His Word remains forever. The problem for us is not that He has stopped speaking, or that His Word no longer has the power it once had. Maybe we think that if we could see Jesus going around emptying hospitals and getting rid of demons with visible power, then we would be as amazed as the crowds in Capernaum. But give it a few days, and we would begin to take it for granted. We would accept it as a matter of course, and our amazement and joy would fade. You know how I know? Because we do the same with the Word that Jesus does speak in our midst. How easily we take Baptism for granted. Jesus speaks, and He washes us clean; He gives us newborn life in God, by the power of the Holy Spirit. Jesus speaks a single word and delivers eternal forgiveness for all our sins.
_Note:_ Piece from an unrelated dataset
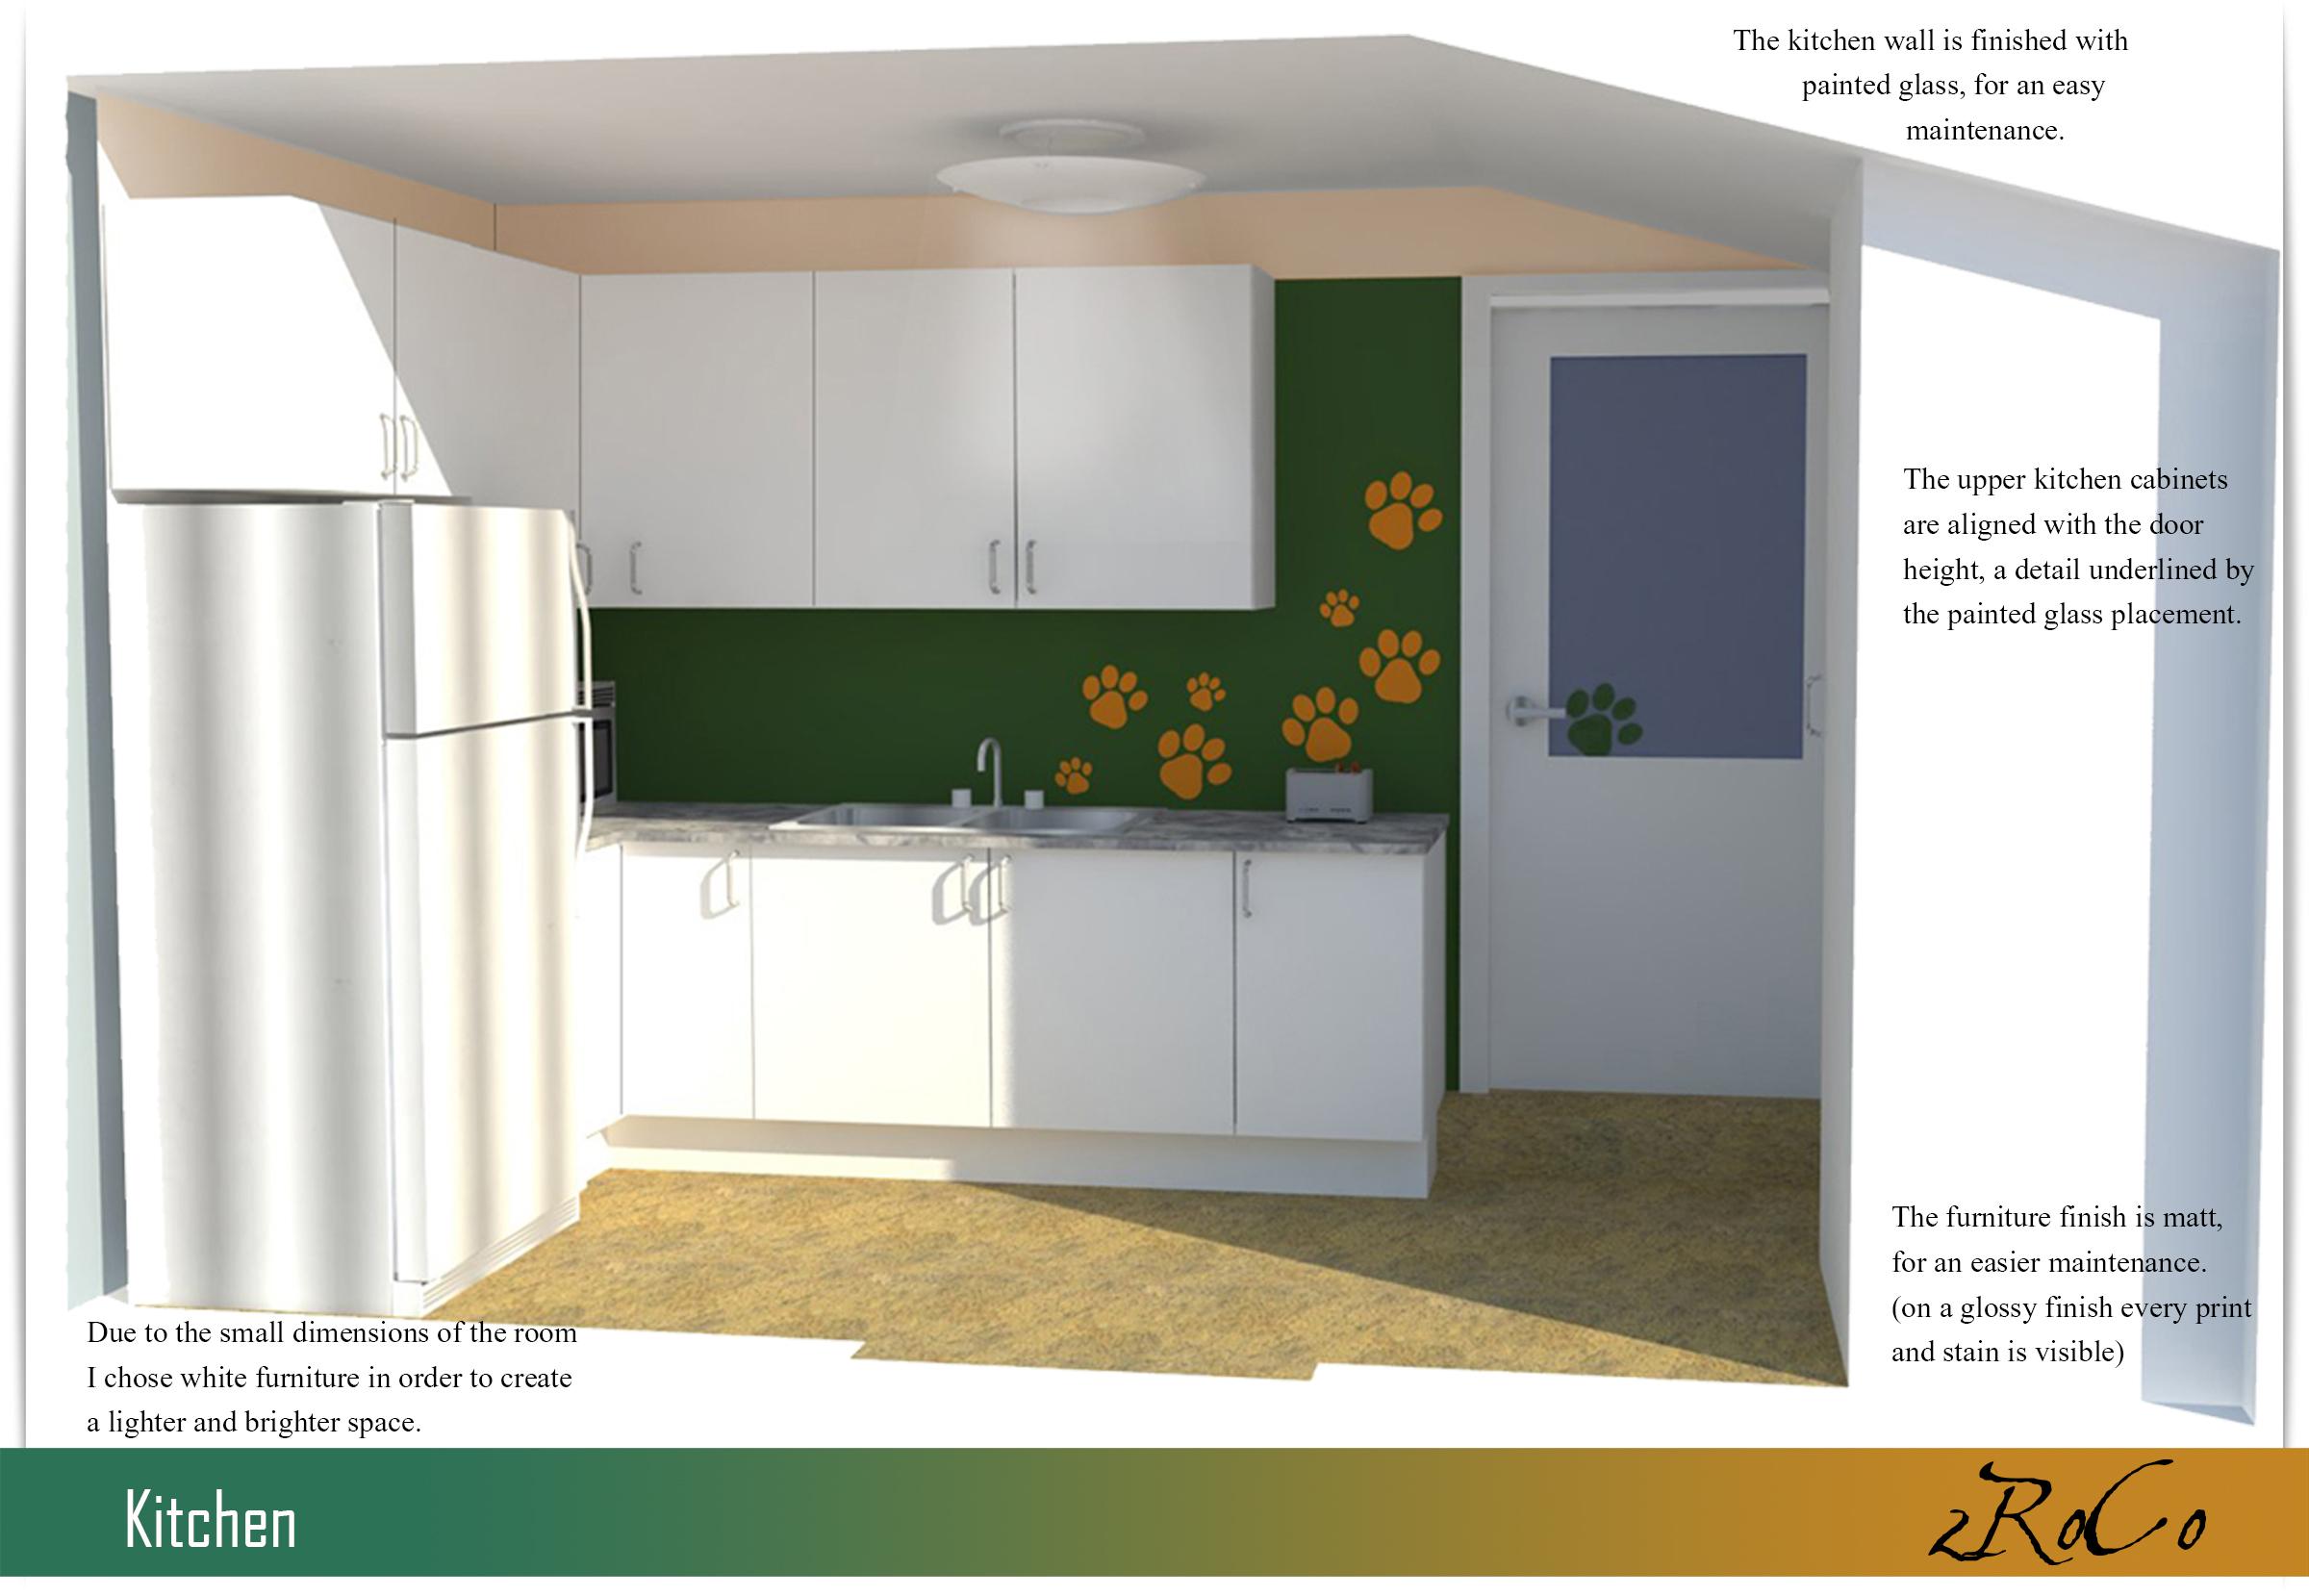 Store Design Project Designed By 2roco Tiny Lobby Kitchen Sacramento California United
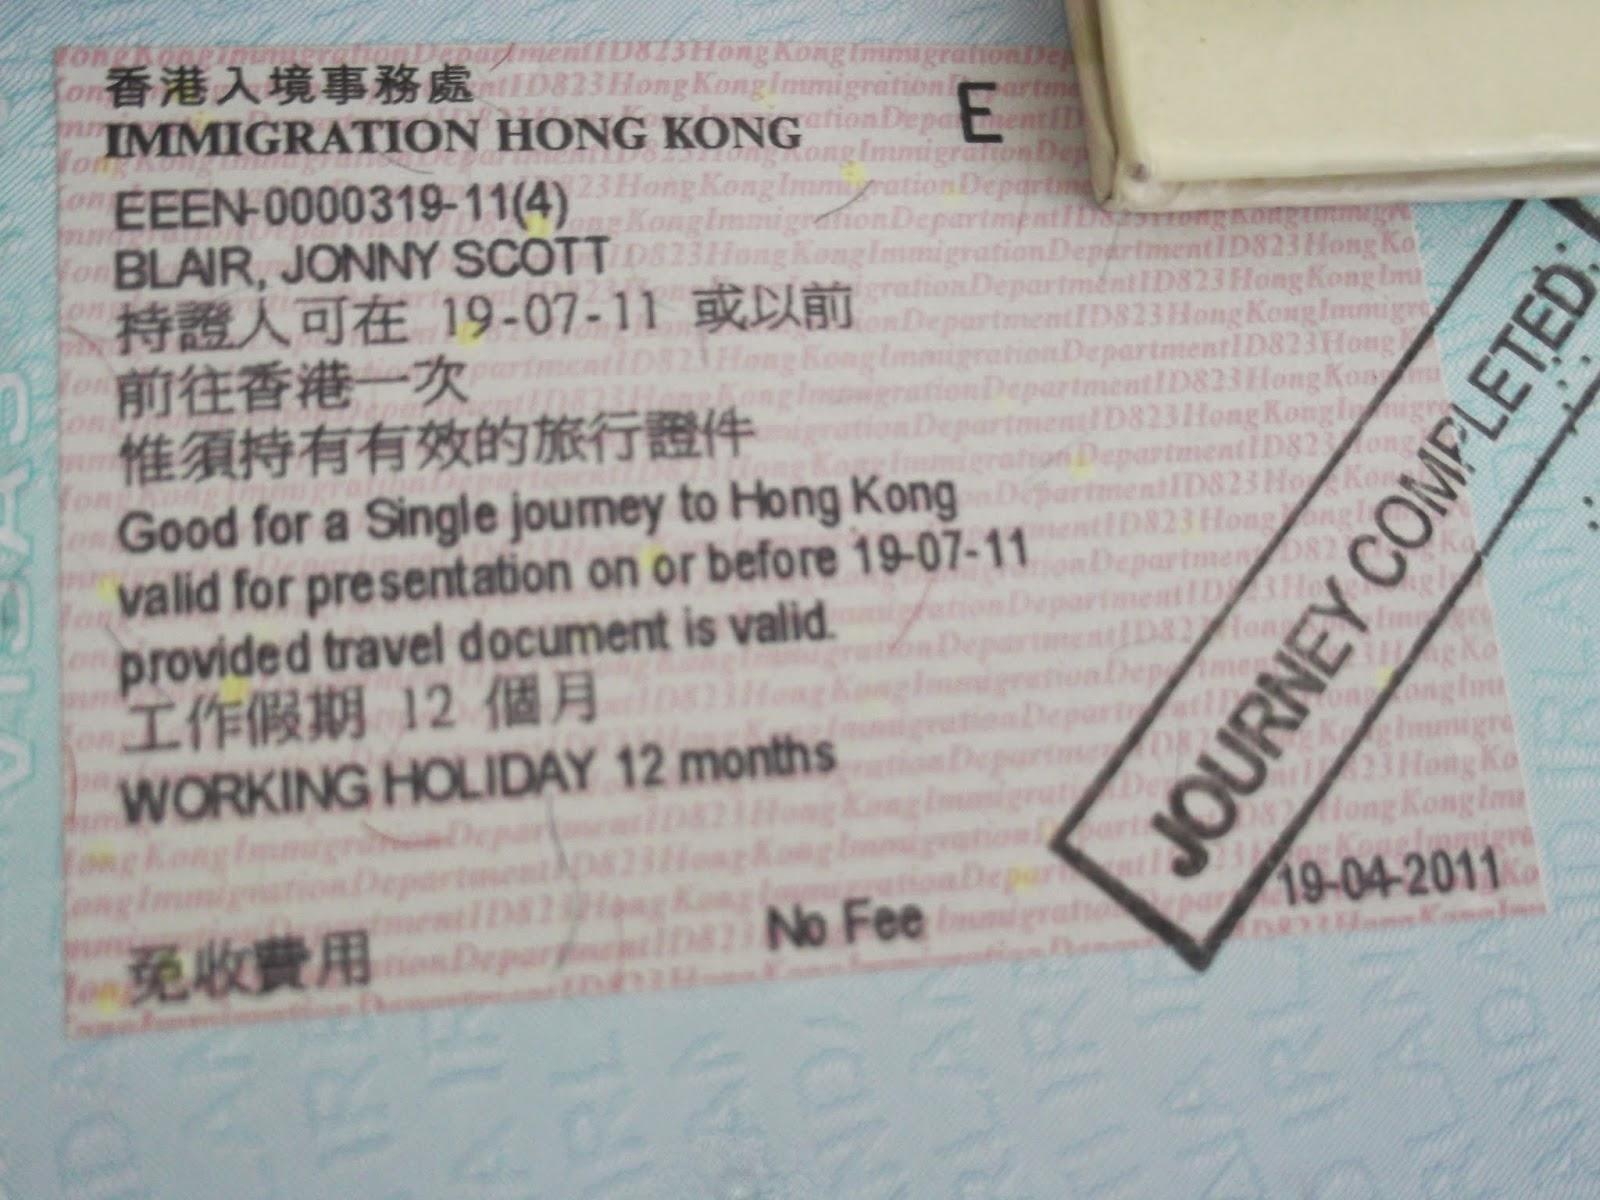 Visa information of hongkong newspedia visa information of hongkong spiritdancerdesigns Choice Image

Jesus speaks and makes His Body and Blood present with bread and wine to eat and drink for forgiveness, life, and salvation. No big deal. We’ve seen it all before. No, the problem is not with Jesus and His Word, or a lack thereof. The problem is that our wonder and faith have faded at the miraculous things that Jesus’ Word of authority does. His Word has never ceased, and it cannot. He told the people who wanted to keep Him in Capernaum: I must go and preach the Gospel to all the other cities as well, because that’s why I came. And then He gives that authority to His Apostles, that just as the Scriptures say: the Christ must suffer, die, and rise on the third day, and in His Name, repentance and the forgiveness of sins must be preached to all nations. This is the Gospel: new life that forgives sinners and is the great resurrection rebuke to sin, death, sickness, and the devil.
Death and the devil may indeed still throw us down in this creation. But the authority of Christ is exactly this: that the devil, that ancient dragon and serpent, the accuser of the people of God, has been thrown out of heaven, down to earth. And while he still prowls around, trying to devour and destroy, Jesus reigns as Lord already here and now, until every enemy is vanquished from His creation. Though we are thrown down, on that great day we will see all things put under Christ’s feet and delivered to the Father, and He will raise us up, and we will rise, unharmed and free. All because this Man, Jesus, begotten of the Father from all eternity, and born of the Virgin Mary, is my Lord, who has redeemed, purchased, won me from sin, death, and the devil, by His blood and death, that I—that you—that everyone—might be His own, just as He is risen from the dead and lives and reigns to all eternity. This is most certainly true.
In the Name of the Father and of the Son and of the Holy Spirit. Amen. “And the peace of God, which surpasses all understanding, will guard your hearts and your minds in Christ Jesus” (Philippians 4:7, ESV). Amen.